Esté muy atento a lo que compra. No deje que le vendan lo que no es adecuado a su perfil, compre sólo cuando haya entendido muy bien el funcionamiento del producto que le ofrecen y comprenda el riesgo que asume con él y los posibles beneficios que puede llegar a obtener. En un depósito usted debe conocer cuánto va a ganar, no cuanto podría ganar. La diferencia es sutil, pero no baladí.

Fondos de Inversión.

Estudie con detalle los Fondos. Déjese aconsejar sólo por expertos. Y tenga en cuenta que en estos casos los expertos no suelen ser los que lo parecen por el mero hecho de recibirles detrás del mostrador de un banco. Si quiere trabajar con fondos busque la ayuda de asesores financieros titulados y reconocidos con las certificaciones europeas vigentes. Todos los demás no le deben ofrecer ninguna garantía. Escape de ellos. Igualmente escape de los fondos estrella ofertados por los grandes bancos ya que generalmente suelen ser los que ellos tienen en campaña en ese momento, no teniendo que ser necesariamente ni los mejores ni los más adecuados para usted. Eso sí, con seguridad serán los más adecuados para su banco. Ellos siempre quieren ganar… ¿Y usted? Si la respuesta es afirmativa entonces estudie, busque y compare. Luche por salvaguardar su capital con la misma fuerza y apasionamiento que lo ha hecho para conseguirlo.

Evidentemente los fondos siguen siendo una buena alternativa de inversión a medio y largo plazo, pero recordando lo dicho anteriormente y sabiendo escoger entre los miles (sí, miles) que existen en el mercado actual. Nuevamente le recordamos que busque la ayuda experta de un asesor financiero titulado.

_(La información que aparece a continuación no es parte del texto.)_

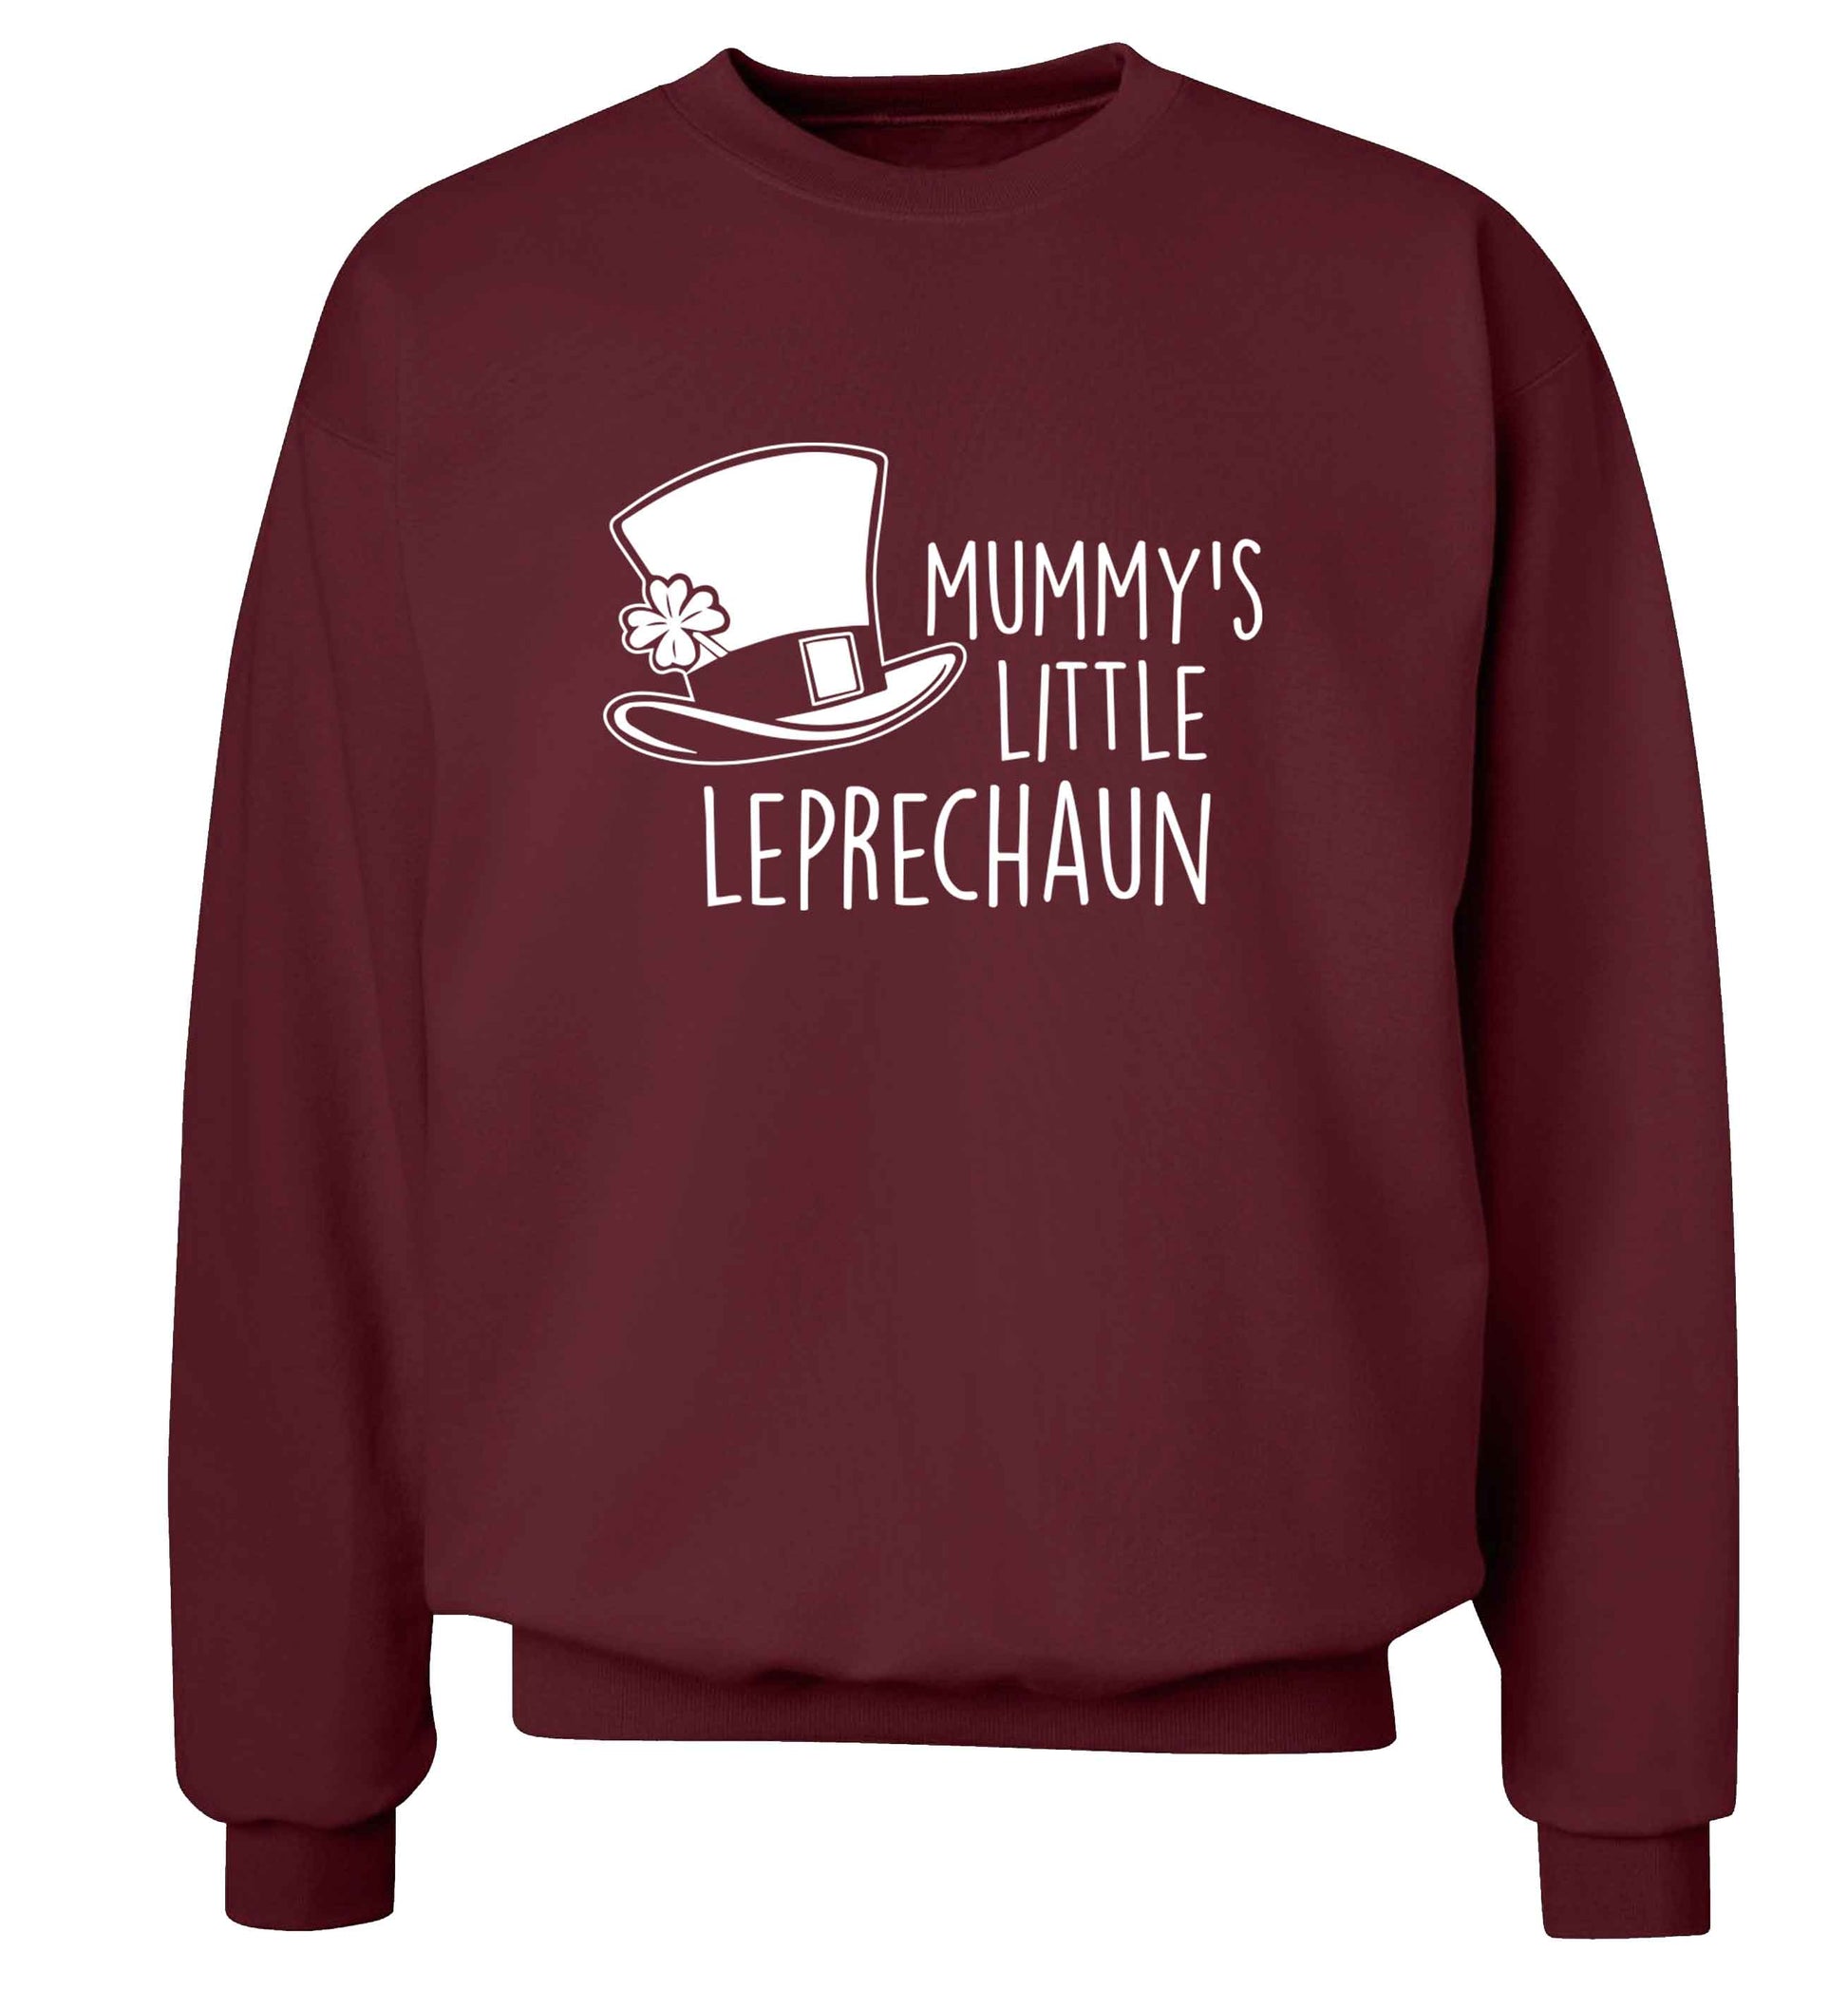 Mummy's little leprechaun adult's unisex maroon sweater 2XL

Otro aspecto que debe tener en cuenta a la hora de contratar un fondo de inversión, es el tema recurrente de las comisiones, que en los bancos más conocidos suelen ser más elevadas que en las gestoras independientes. Debe por tanto valorar nuevamente este nuevo elemento a la hora de decidirse por un fondo determinado. Controle las comisiones que paga.

El Riesgo.

Mucha atención al Riesgo. Y el riesgo, expresado de una forma contundente, no es otra cosa que la posibilidad real de poder perder todo su capital, toda su inversión. En la actualidad, gracias a las actuaciones de los ciudadanos, bien de forma particular o a través de organizaciones de consumidores se va consiguiendo, poco a poco, que las entidades de crédito informen a sus potenciales clientes del riesgo o riesgos que pueden correr al contratar algunos productos financieros. De esta forma el estado ha tenido que tomar cartas en el asunto.

El problema es que en España no existe una cultura bolsista arraigada ni una educación sobre finanzas en los escalones anteriores a la universidad, lo que nos deja dentro del grupo de países con poco o nulo conocimiento técnico sobre la bolsa, los mercados y las finanzas personales. Evidentemente esto no ocurre en otros países en donde desde bien jóvenes los ciudadanos están acostumbrados a invertir y a llevar a cabo operaciones de bolsa con gran normalidad y sobre todo con un mayor conocimiento de lo que están haciendo.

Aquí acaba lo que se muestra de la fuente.